Espin (1993) pointed out this lack of acknowledgment of the contributions of women of color in the development of theory in feminist counseling as well as the omission of multi- culturalism as an integral part of the development of theory and practice. In recent years, feminist theorists have increasingly called for cultural diversity to become a central and defining characteristic of therapy (Enns, 2004; Whalen et al., 2004; E. N. Williams & Barber, 2004) and for an integration of the feminist, multicultural, and social justice approaches to counseling (Crethar, Torres Rivera, & Nash, 2008). These three approaches share the goals of working toward social change and advocating for the empowerment of all clients by giving a voice to the unheard (Green, McCollum, & Hays, 2008). Their common threads include establishing egalitarian relationships and fostering change at both the individual and societal levels (see Chapter 2).

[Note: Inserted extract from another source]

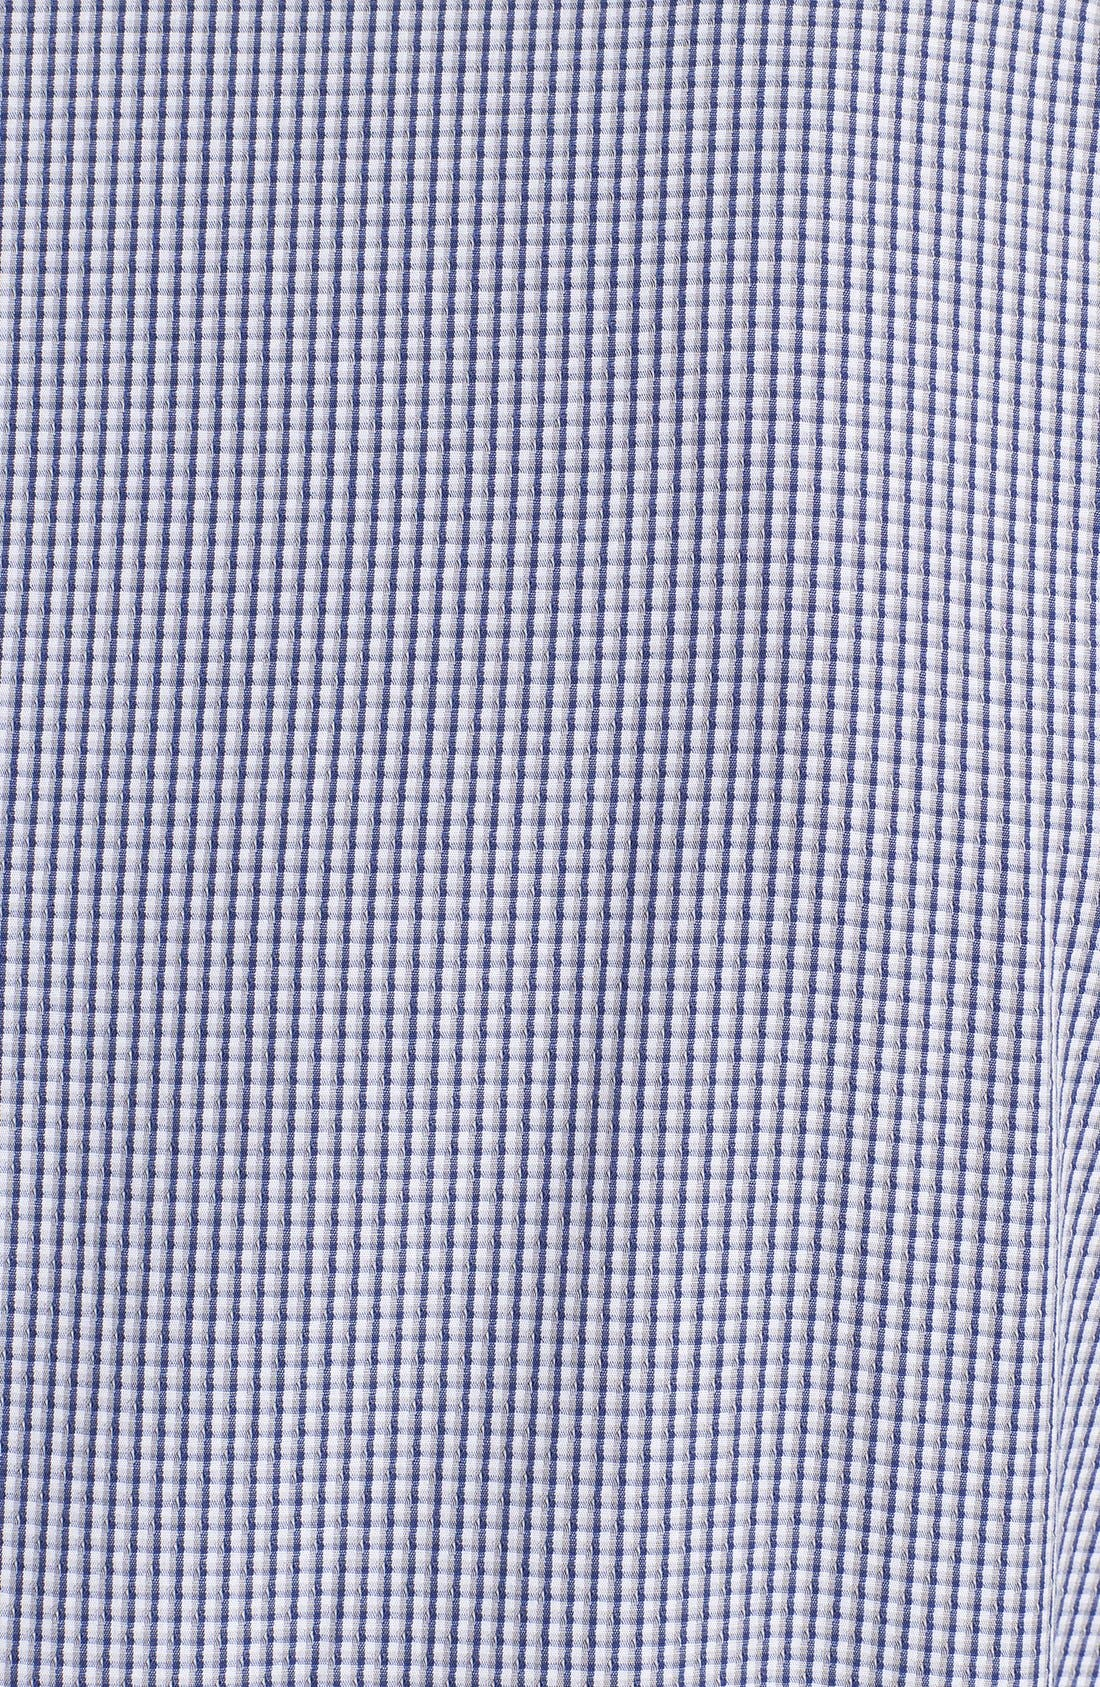 Alternate Image 3  - Zachary Prell 'Boudreau' Sport Shirt

Progressive changes in the field of feminist psychology are indicative of a greater awareness by European American feminists that the concerns and experiences of women who are not European American, middle class, or heterosexual are equally valid as those who are (Μ. K. Williams, McCandies, & Dunlap, 2002). Effective multicultural feminist counseling requires knowledge and understanding of the oppressions of culturally different clients and skills that are inclusive and punctuated by culturally sensitive behavior. Acknowledgment of the existence and counterproductive influence of racism, classism, heterosexism, and other oppressive behaviors on the counseling process is the first step in developing multicultural, feminist counseling for social justice.